Post-mortem cosmetic needs

I want all the self conscious girls who try to hide who they are with makeup

You know it’s the girl with a frown with the tight pants

I really want to shake up

–Louis XIV/Finding Out True Love Is Blind

 

The other night, a couple of us were talking about the importance of looking good while dead or dying. It’s not the first time I’ve discussed how I want to look while dying or dead with a girlfriend, and it probably won’t be the last. It’s something a lot of us think about with some regularity. Women often have very particular ideas about what we want to look at the end of our lives. Maybe men do, too, but they don’t typically wear cosmetics so they probably aren’t as picky as we are.

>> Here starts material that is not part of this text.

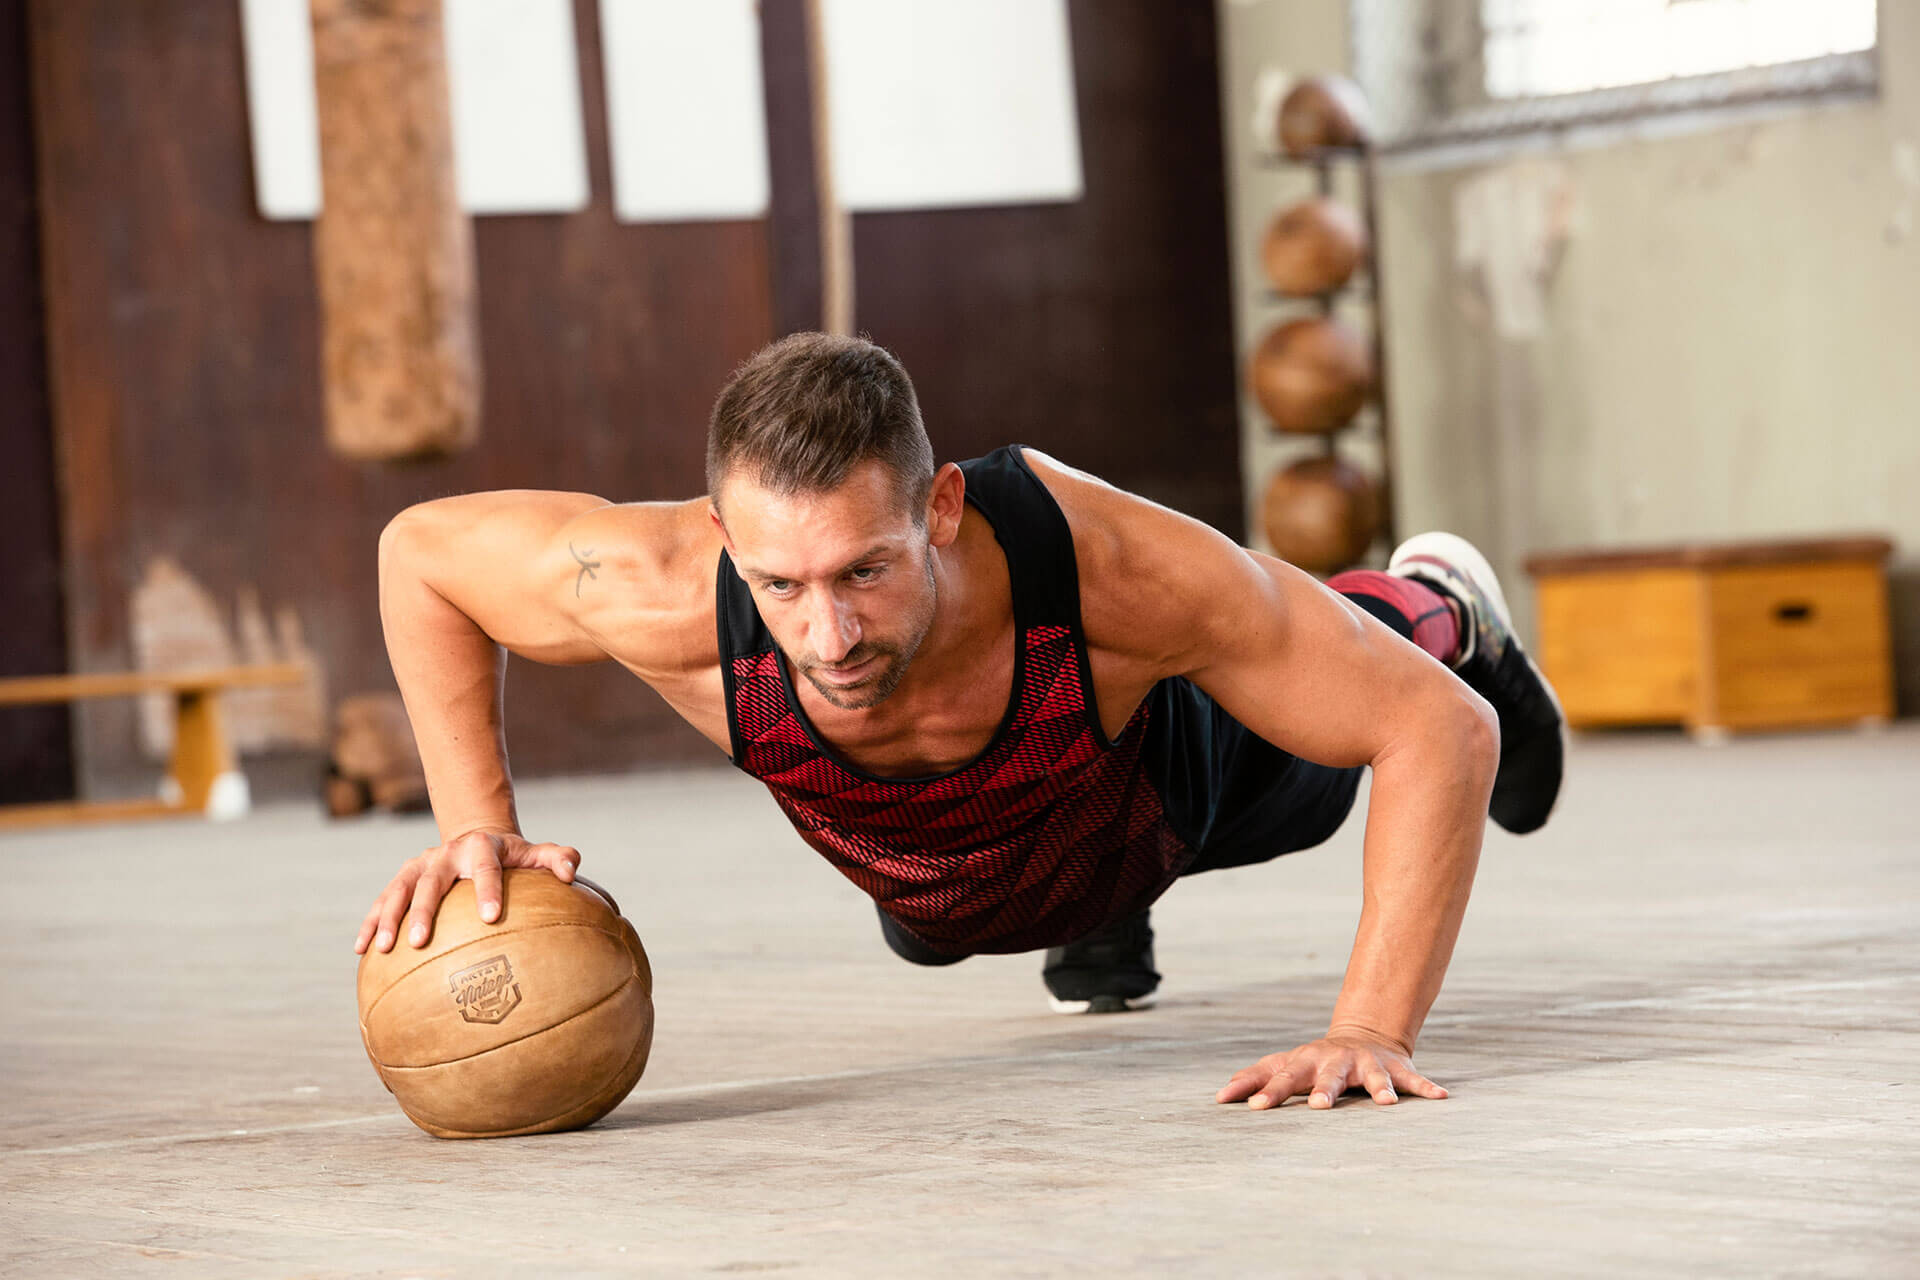 Load video: Personal trainer Arne Derricks shows a 7 minute workout with the ARTZT Vintage Series medicine ball.

At my grandmother’s viewing, my aunt had her brother and me act as lookouts so she could fix her mother’s make up in the coffin without being busted by the funeral director. She just didn’t think her mother looked like herself with the wrong shade of lipstick on, and she was right.

My friend Mollie wants to attend her own funeral wearing tan fishnets, lipstick  and false eyelashes. Presumably also some sort of dress, but that was not her priority. She’s got a cat suit that would make quite an impression at a viewing. I’ll suggest that.

I want a bob and black eyeliner to be maintained for me if I’m ever physically unable to keep them up myself. If hair is a problem, you can shave my head and put dramatic scarves on me but the eyes have got to be done.  Have me cosmetically tattooed if no one wants to come over every day and do it. It’s not that I’m vain about my looks in general, but I feel very strongly about having eyeliner on.  Always. People won’t know me without it. While you’re doing the eyeliner, prop a book up on me somewhere too. After I’m dead, send me to the crematorium with my eyeliner on. I won’t care after that.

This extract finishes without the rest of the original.